Amazon: Q3 Will Likely Be Strong, But Don’t Ignore Underlying Risks
Summary:
- Amazon is showing strength in its AWS and advertising segments, driven by broader bullish margin-expansion catalysts such as AI and robotics.
- Q3 is likely to be strong, with analysts expecting a YoY normalized EPS growth of 20.6%. However, this is a risky time to heavily add to positions.
- We may be on the cusp of a long-term recession, and this weakness is likely to intensify geopolitical hostility toward the West from Iran, Russia, and China.
- As a result of the current high-risk environment, against which I do not consider Amazon to be a hedge, my rating is a moderate Buy, with a caveat for diversification.
I last covered Amazon (NASDAQ:AMZN) (NEOE:AMZN:CA) in July, and since then, the stock has increased by 1% in price. At the time, I mentioned overvaluation concerns, and the stock is still showing this vulnerability at the moment when including sentiment factors. However, Amazon is a buy-and-hold company with long-term stable growth ahead of it. Although there are risks of a protracted long-term recession, I don’t think this means Amazon is not worth holding. Instead, I would be careful about adding to a position at this time due to the high valuation relative to broader macroeconomic weakness in the West, which is Amazon’s core market. A recession is likely to compound geopolitical threats, so the medium-term macroeconomic environment should place Amazon’s growth investment thesis into the proper context.
Leading into Q3, there are several bullish catalysts that I expect will be strong for the company. However, it is important to recognize these wins could be temporary. That being said, I am looking forward to the company’s likely high level of AWS growth, as well as management’s mention of Amazon’s advertising business in the earnings call.
Growth Catalysts Leading Into Q3
Amazon’s Q3 earnings are expected this month, with the estimated announcement date being 10/25/24. Analysts are expecting a 20.6% normalized EPS growth for the quarter, which is a substantial increase from the 10.1% YoY growth achieved in Q2. Furthermore, such substantial earnings expansion is expected into Q4, where the consensus is 34.5% YoY growth. Therefore, on an earnings basis, this is definitely a time that warrants near-term bullishness. However, I would allocate with moderation, considering the valuation and recession risks, which I will analyze below.
As Amazon is so fundamental to the current trends in AI, it is vital to assess the results from this segment in Q3. At such a vulnerable time macroeconomically, the growth narrative and associated results related to Amazon’s AWS segment are critical both for shareholders and the broader sustenance of the Western capital markets. AWS’s custom AI chips and services like Amazon Bedrock and CodeWhisperer are gaining traction among major clients like adidas (OTCQX:ADDYY), Booking Holdings (BKNG), and Merck (MRK).
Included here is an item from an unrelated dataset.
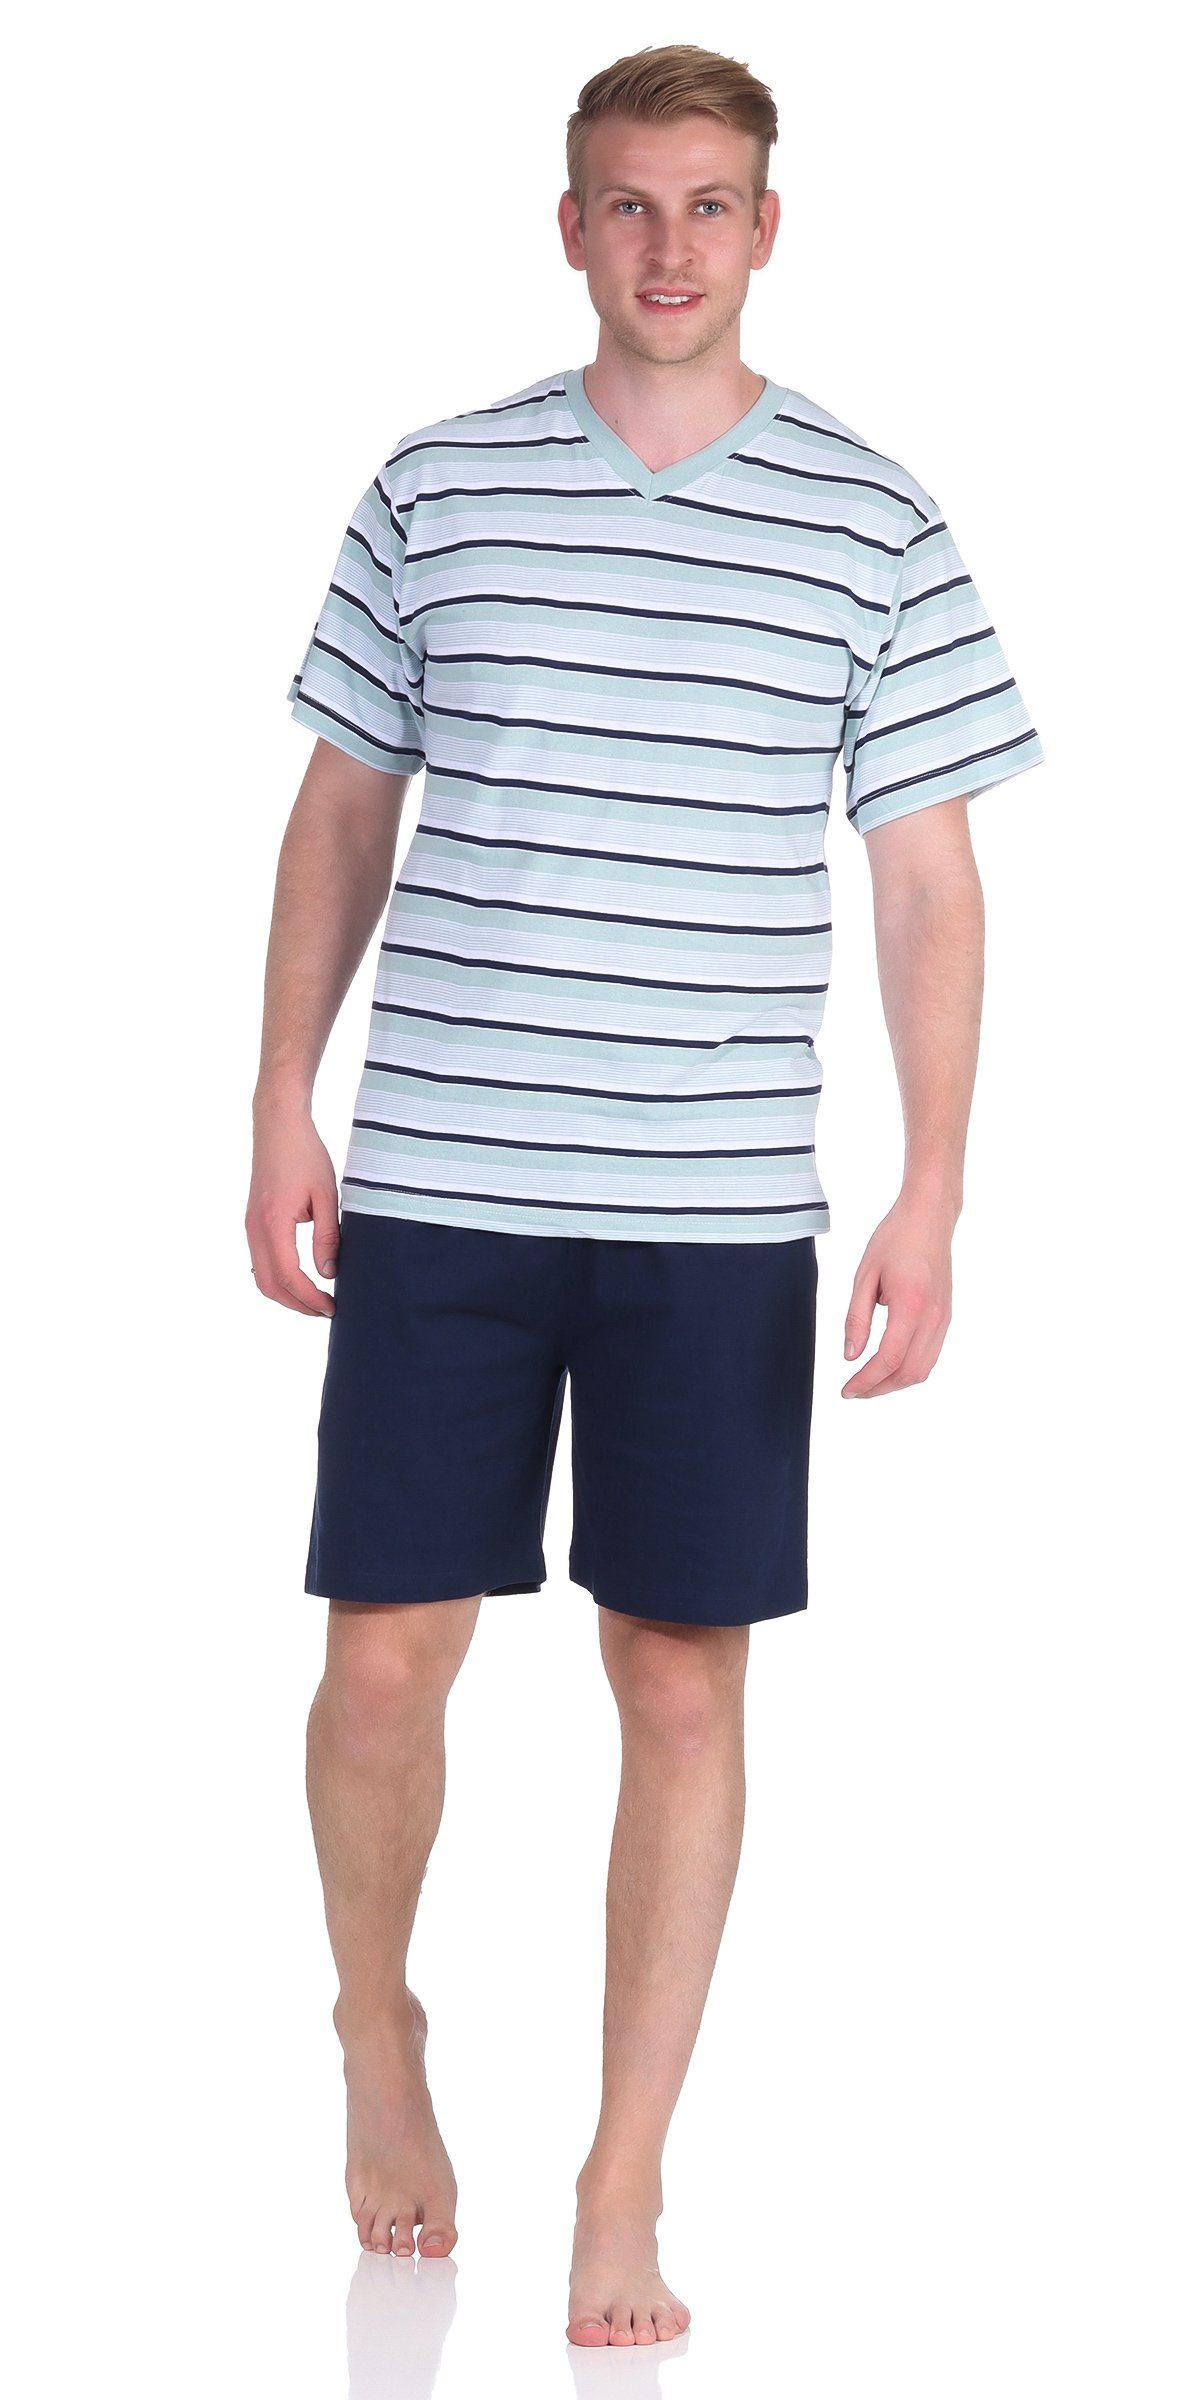 Moonline Shorty Herren Schlafanzug V-Ausschnitt Single-Jersey Shorty Aqua mit Baumwolle 100% Kurzarm

In Q3 2023, AWS revenue grew by 12% YoY, and I expect this to be much stronger in Q3 2024 related to AI consolidation. In Q2 2024, AWS delivered a YoY revenue growth of 19%. As of Q2 2024, AWS now makes up 18% of Amazon’s total revenue. I expect this to expand further in the coming decades.
Amazon’s advertising segment is also of critical importance to the company’s future growth direction. As a key example of management’s operational strategy with this segment, the company has been expanding its advertising offerings on Prime Video by introducing commercials, with subscribers needing to pay an additional fee to avoid them. Tactics like this might put pressure on the customer experience, but they are also likely tolerable adjustments that are highly beneficial to the company’s growth. In Q2, this segment delivered a 20% YoY revenue growth; however, I expect this segment could be one of the areas that sees a significant slowdown in adoption if a long-term recession begins in the next few years. Having addressed that, Q3 is likely to show continued strength in advertising. I notice this is a key long-term strategic and tactical area through which the company can continue to expand. Notably, Amazon has been underperforming Meta (META) here, which reported a 22% growth in its advertising last quarter.
Valuation Analysis
As Q3 is expected to be a strong quarter for Amazon, its elevated valuation reflects this. It is important to gauge that Amazon’s top-line growth rates have decelerated significantly as the company continues to develop from a high-growth entity to an established conglomerate. Therefore, the firm’s valuation is much more reflective of internal efficiency gains being developed by tactics such as those it is engaging in with Prime Video advertising. Furthermore, the company’s continued investment in and development of AI and robotics capabilities is likely to be highly margin-expansive over the long term. This was the core focus of my last long-term Buy thesis on Amazon. Therefore, a high valuation is warranted, but it still deserves caution due to higher potential volatility over the coming years due to macroeconomic risks.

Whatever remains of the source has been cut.